When kona weather comes, as it sometimes does in South Maui, they pull shut the louvered doors and storm doors, sealing off the house from the wind and rain. In the kitchen, an automatic metal screen rolls down to protect the commercial-grade appliances.

For Tom, his sandcastle house is “my hospital,” the place where he finds sanctuary. An avid hunter and fisherman, he has other retreats around the world—an island he owns in Canada with a fishing lodge and cabins for the family’s summer vacations, a fishing yacht in Los Cabos—but Maui is where he feels most at peace. Especially when he’s making dinner in the open-air, professionally equipped kitchen.

“I enjoy going to the market every day, and I cook almost every night,” he says. “We might eat wild fish or game three or four nights a week.

The exhaust vent for the commercial Wolf grill is hidden in the sandcastle’s turret, which juts upward from the house’s flat roofline. The smooth exterior walls are ornamented with glowing lamps tucked behind big white plaster shells. The landscaping is simple and eclectic: stubby Mexican palms, a fountain of cascading stone bowls in the entry way, a sculpture of a monkey family hiding in the bushes.

From the house’s green front doors, adorned with shell handles, the driveway curves up past the garage and guest quarters, past a palm-studded lawn to the road.

There is room here to expand the modest beach house, and Tom thinks perhaps he might in coming years. “I’d like to add a walk-in wine cellar, an outdoor pizza oven, a garden area in back with a waterfall, more of a courtyard entry way,” he says.
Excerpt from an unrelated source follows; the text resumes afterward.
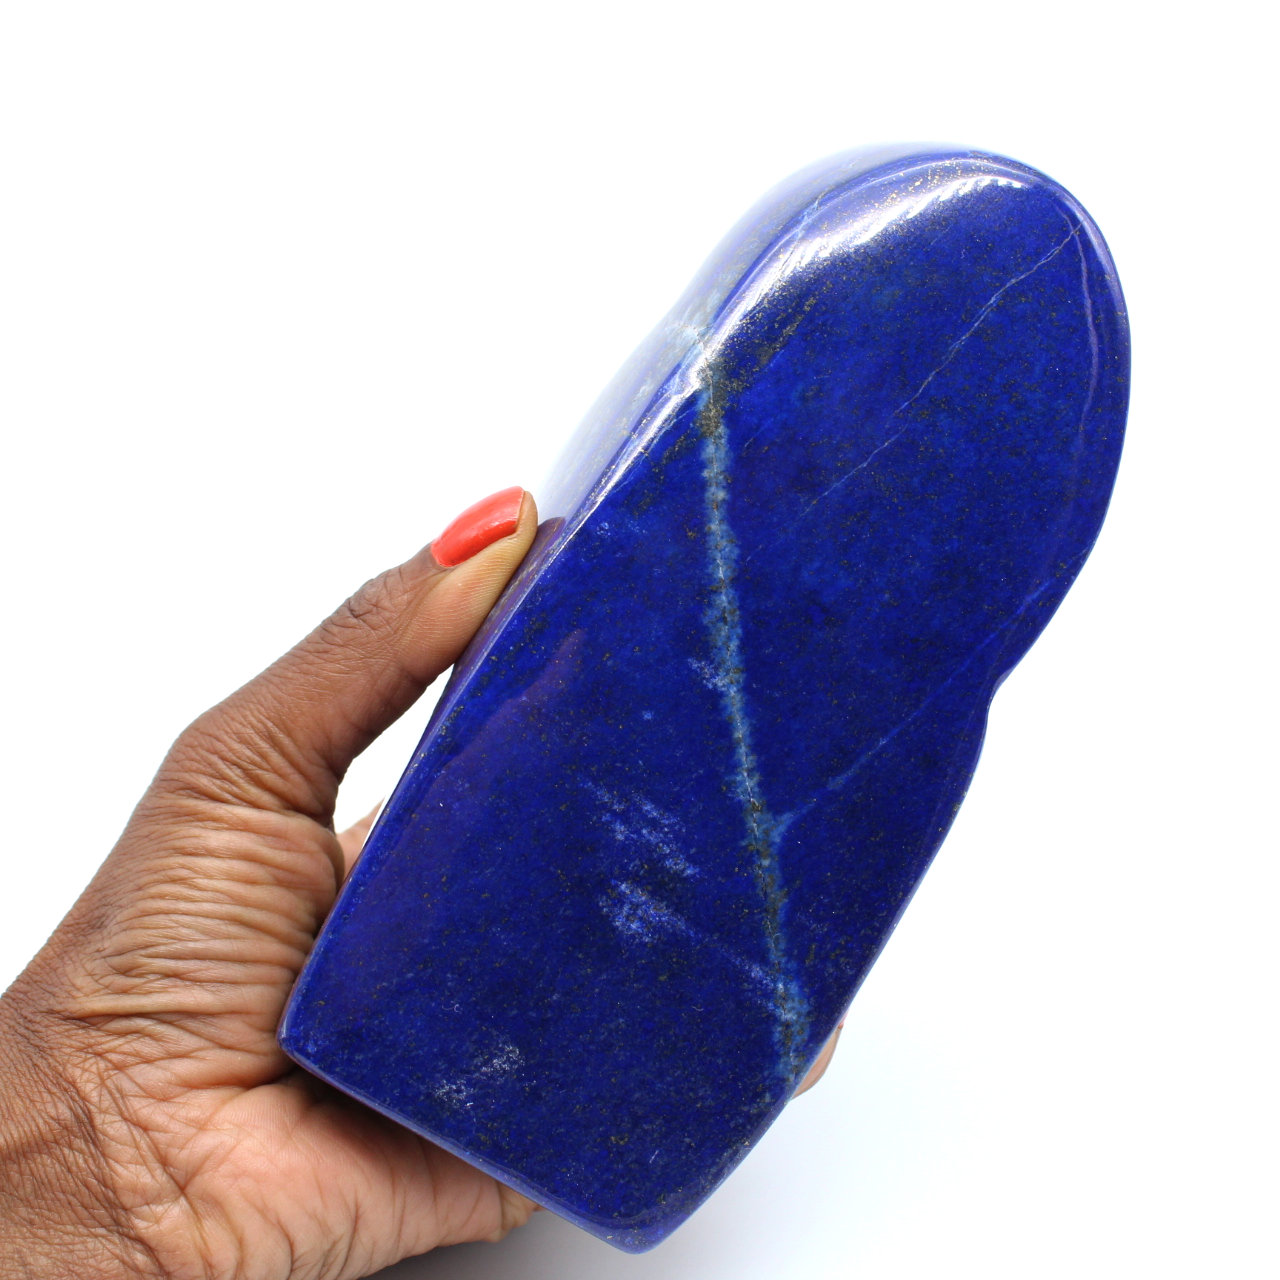 Large natural stone in Lapis-lazuli

But at the same time, he knows that the intimate size of the house—just over 2,000 square feet—is part of what makes it so special.

“When I first built it, I would get messages in my mailbox from people saying, ‘We love your house!’” Tom says. “A lot of people appreciate that it isn’t a big monster house . . . it’s really a little gem.”

A sandcastle, just like the kind you build with a bucket and a shovel . . . and maybe a good friend with a backhoe.